The Night Season takes place during a veritable monsoon. It has been raining for over two weeks in Portland, the Willamette River is rising to the edge of its banks and the dikes are beginning to fail. Several people have been swept away by the raging torrent, but the latest body thought to be a drowning victim turns out to have been murdered. (The first clue that it wasn't a natural death is that her body was found in an obviously posed position in an amusement park.) The corpse bears a strange puncture mark on its hand, and some backtracking reveals that this isn't the first with the same wound. Poison is suspected, though the delivery mechanism and the nature of the toxin defy easy explanation.

This isn't the first time flood waters threatened to inundate the area. Sixty years ago, Vanport, a federal housing project located just north of Portland, was completely destroyed (this part of the story is based on fact). Some people believe that many more people were killed than the fifteen or twenty reported deaths, and the fact covered up. There's also a mystery surrounding the failure of town officials to sound the flood alert earlier. Journalist Susan Ward, who gets much more "screen time" than in earlier books, writes a quirky crime column for the Oregon Herald. She believes that a recently discovered skeleton belongs to one of Vanport's unreported victims and is researching that disaster. She shadows Archie as he follows leads and slogs through the inundated city.

Cain makes excellent use of the rain and the floodwaters. Readers will feel drenched by the constant downpour, and several exciting scenes transpire when people are swept away by the raging currents or leap into them to attempt rescues. In one thrilling scene, Archie risks his life to save a young boy from the river, a rescue complicated by Archie's weakened condition. It turns out that the boy had been kidnapped over a year earlier. Before he can be reunited with his parents, though, the boy vanishes from the hospital.

Cain ties these disparate details together and threatens some of her main characters to heighten the tension. Archie's long-time friend and partner, Henry Sobol, is attacked by the killer and left for dead, and Susan discovers one of the killer's calling cards in her purse, which means that he has been close to her. The omnipresent rain creates such a distracting curtain of sound and sensory input that people often miss things happening around them.
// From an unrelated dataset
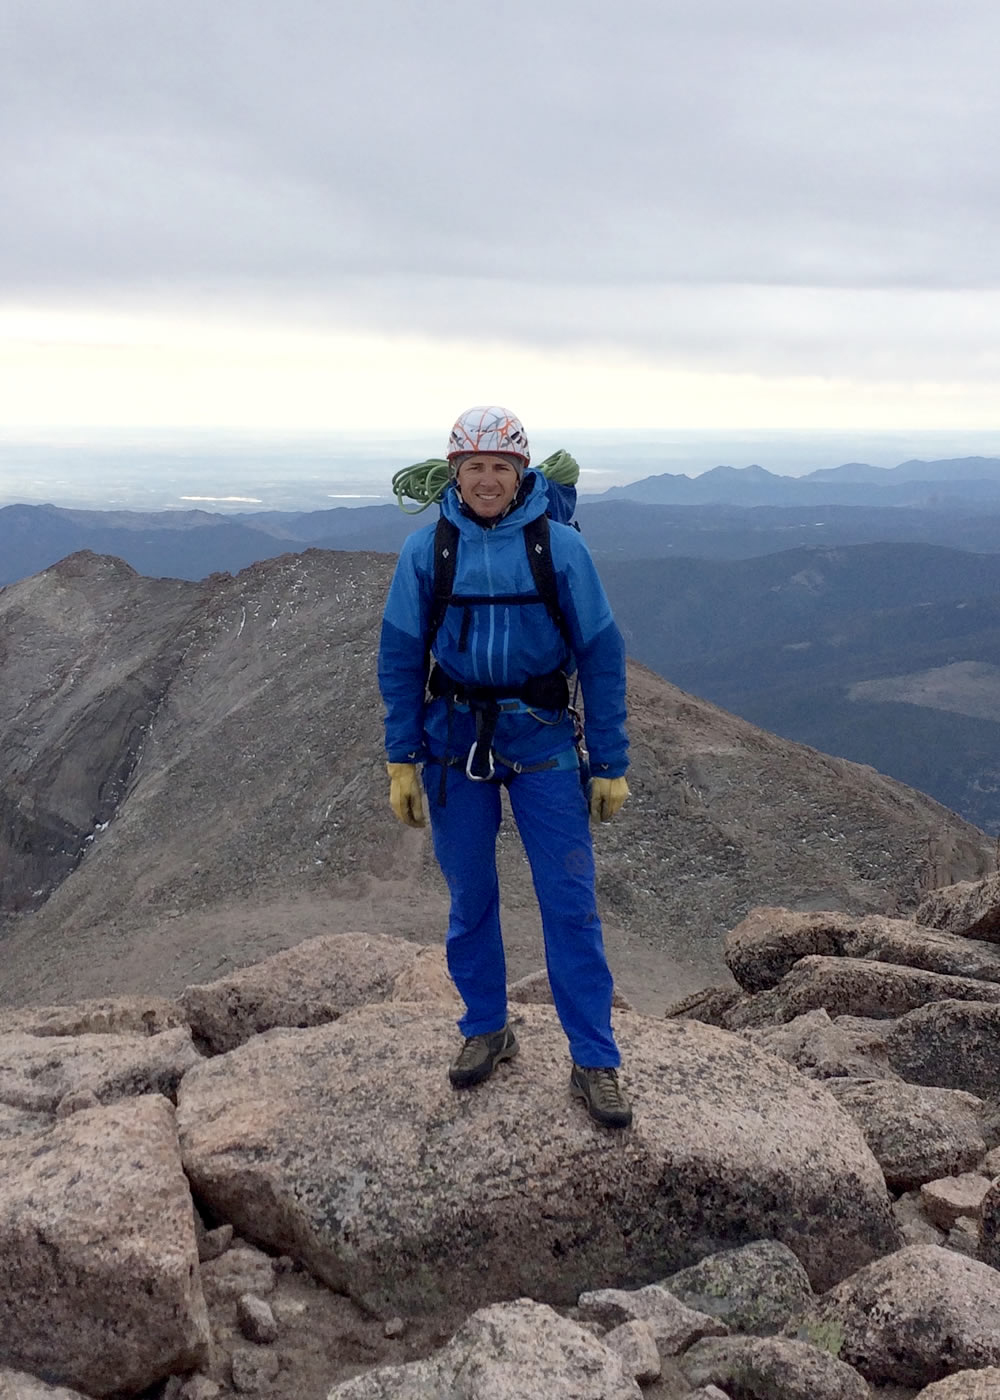 Mike Lewis wearing the Yotei Jacket on the summit of Longs Peak (14,259'), Colorado. [Photo] John Kvederis

The killer's method is strange and farfetched. Though his reasons for resorting to such a bizarre delivery mechanism for the toxin are explained, it still stretches credibility. It isn't entirely original, either, as the same thing appeared in one of the later Sherlock Holmes short stories nearly a century ago, though in that case the suspected murder was revealed to be an accident. Also, the staging of the first body turns out to be something of a red herring—or perhaps a plotting convenience to set this death apart from the other recent drownings.

Worse, though, the killer's identity is revealed more through happenstance than detection. His name ends up on a list of people who purchased equipment necessary to support production of the poison and characters stumble upon ("blunder into," one might be tempted to say) his lair as part of the routine investigation. There is a connection to the Vanport mystery, but it's tenuous at best. Cain does deliver an interesting twist on the killer's motivation, but the resolution of this series of crimes isn't terribly satisfying at the end of the rainy day. The encroaching Willamette is a much more fascinating and potentially lethal character.